The underlying calculation here seems to represent a shift from the spiral model to the deterrence model. By raising the stakes sharply, the thinking goes, Washington can shock Tehran and demonstrate how much the Iranian regime has to lose through further provocations. If Obama worried that Iran's asymmetry of interests would outweigh America's asymmetry of power, Trump is now calculating that America's asymmetry of power — its ability to inflict far worse suffering on Iran's regime than it can inflict on the US — will outweigh Tehran's asymmetrically intense interests in the region.
To call this a gamble is an understatement. Soleimani may have been a loathsome terrorist in American eyes, but he remains a national hero in Iran, and there will be immense pressure for some sort of retaliation. Iranian forces and proxies are capable of attacking — either immediately or over the long-run — US military assets, diplomatic facilities and citizens in Iraq and throughout the Middle East. Tehran could also respond with cyberattacks, further assaults on Gulf oil infrastructure or proxy attacks against Israel. Tehran could further cast off the remaining restraints on its nuclear program; it could, and probably will, use its influence with Iraqi politicians in a bid to evict US forces from Iraq. There are plenty of ways in which a US operational success could turn into a strategic setback or a deeper confrontation.
That said, Trump's wager may pay off. The Iranian regime has historically been aggressive but not suicidal. The knowledge that the US can and will target top regime leaders probably terrifies Iranian officials as much as it enrages them. And whereas Iran had been controlling the pace of the confrontation prior to this point — gradually increasing the military pressure in response to US economic pressure — Washington has now shown its ability to escalate in unexpected and devastating ways. Washington may have miscalculated in killing Soleimani and Muhandis, but right now is it Iranian leaders who surely feel that they have badly misjudged the enemy. That realization may indeed have a sobering effect as Tehran considers whether it would profit from intensifying the confrontation.

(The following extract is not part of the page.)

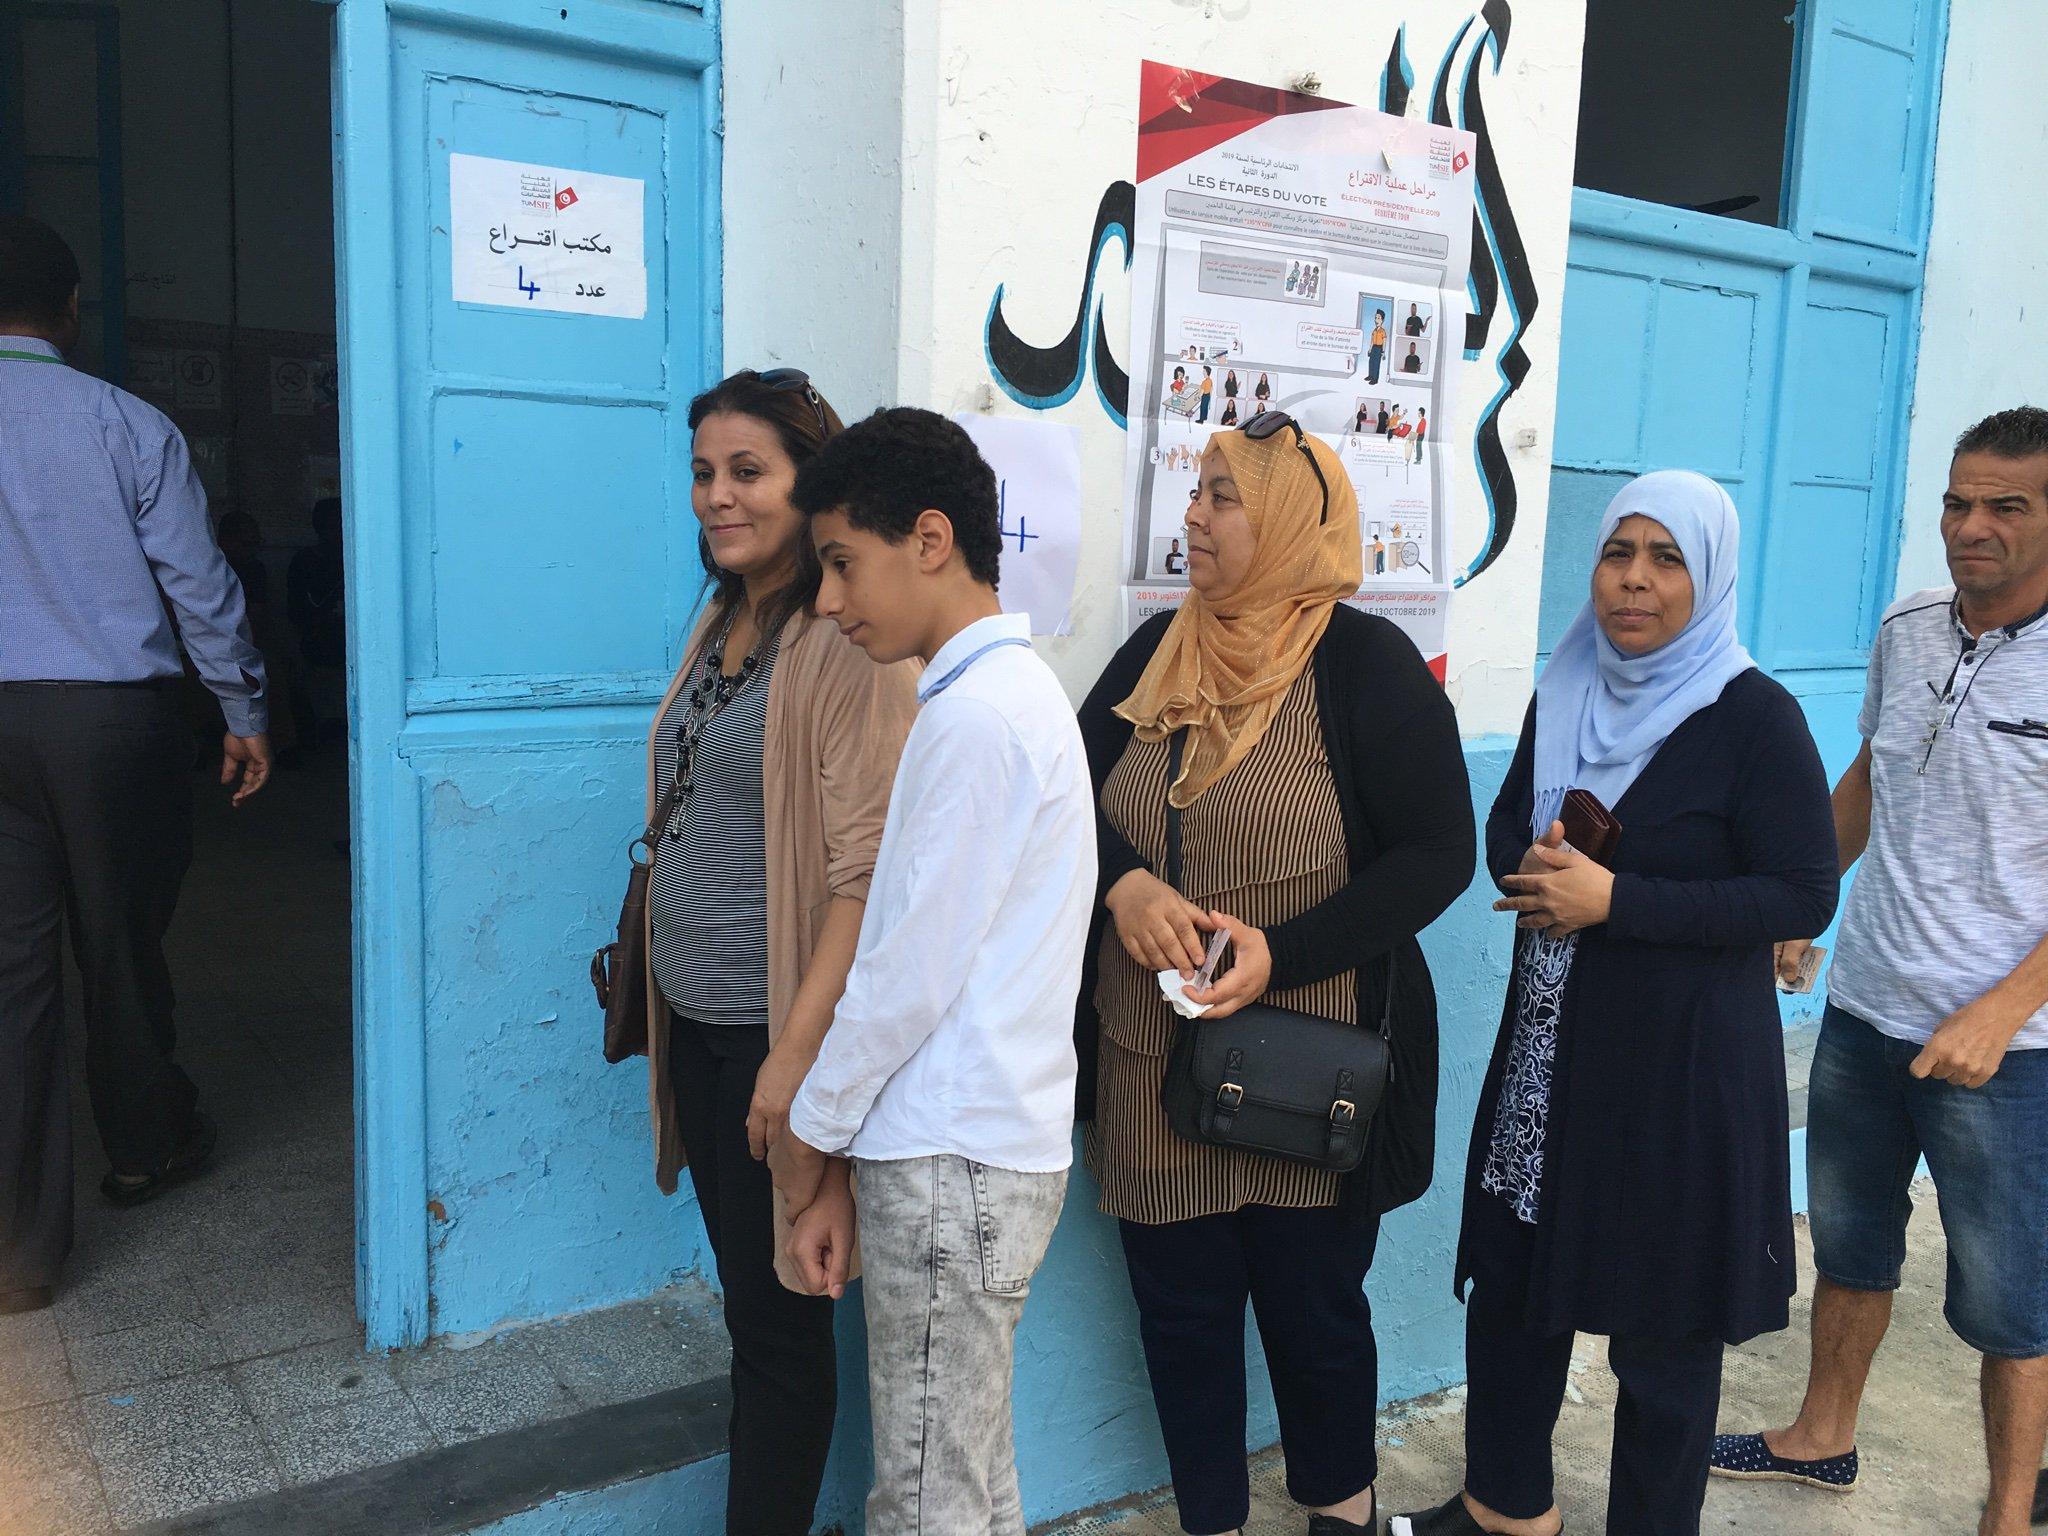 الانتخابات الرئاسية في تونس: نسبة المشاركة تبلغ 17.8 بالمئة عند منتصف النهار

One thing is certain: Navigating the current crisis will require a higher quality of statecraft than has been the Trump administration's norm. The US will need to protect or evacuate vulnerable personnel and private citizens in Iraq and elsewhere in the region. It must formulate contingency plans for handling potential Iranian responses and determine what it will do if the present shock treatment does not have the desired effect. It must simultaneously maneuver so that this strike doesn't isolate America in the international diplomacy surrounding the Iran nuclear issue, and determine how it will respond when Tehran uses its political sway in Iraq to push for a US withdrawal.

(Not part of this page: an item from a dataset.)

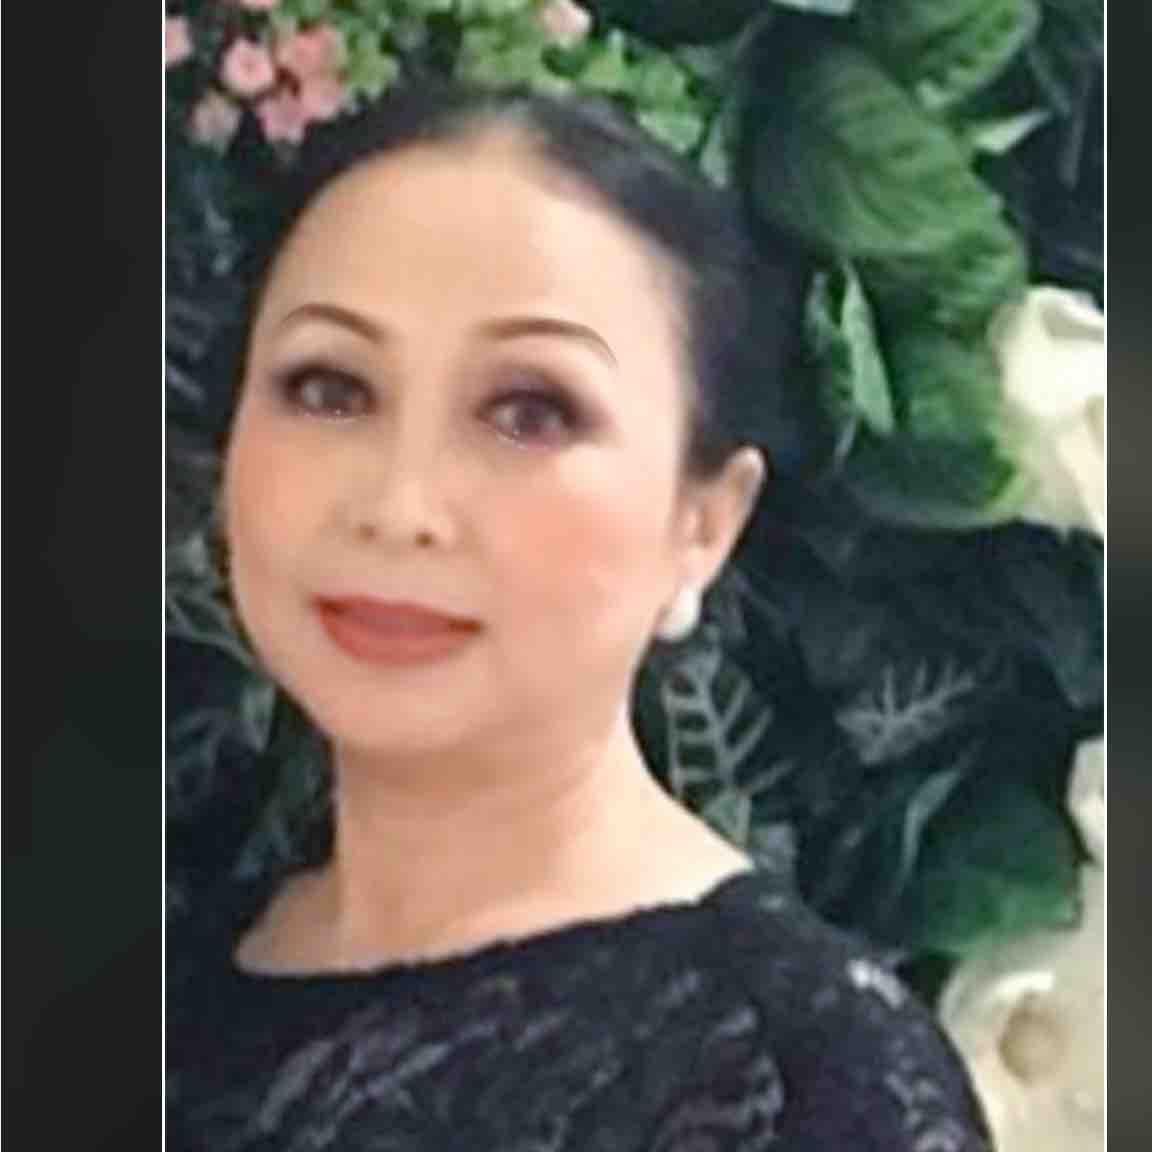 Tuyet Anh Nguyen

The administration's showing to date is not reassuring. Trump has generally sundered, neglected or undermined diplomatic relationships, within the region and beyond, that would be very valuable right now. Tight messaging and skillful execution of policy have not been hallmarks of his presidency. Former secretaries of state such as Dean Acheson and George Shultz would have their hands full in dealing with this crisis, and nobody in Washington right now looks like another Acheson or Shultz.
"The game has changed," Secretary of Defense Mark Esper warned hours before the strike. True enough. We'll see if the Trump administration is ready for what comes next.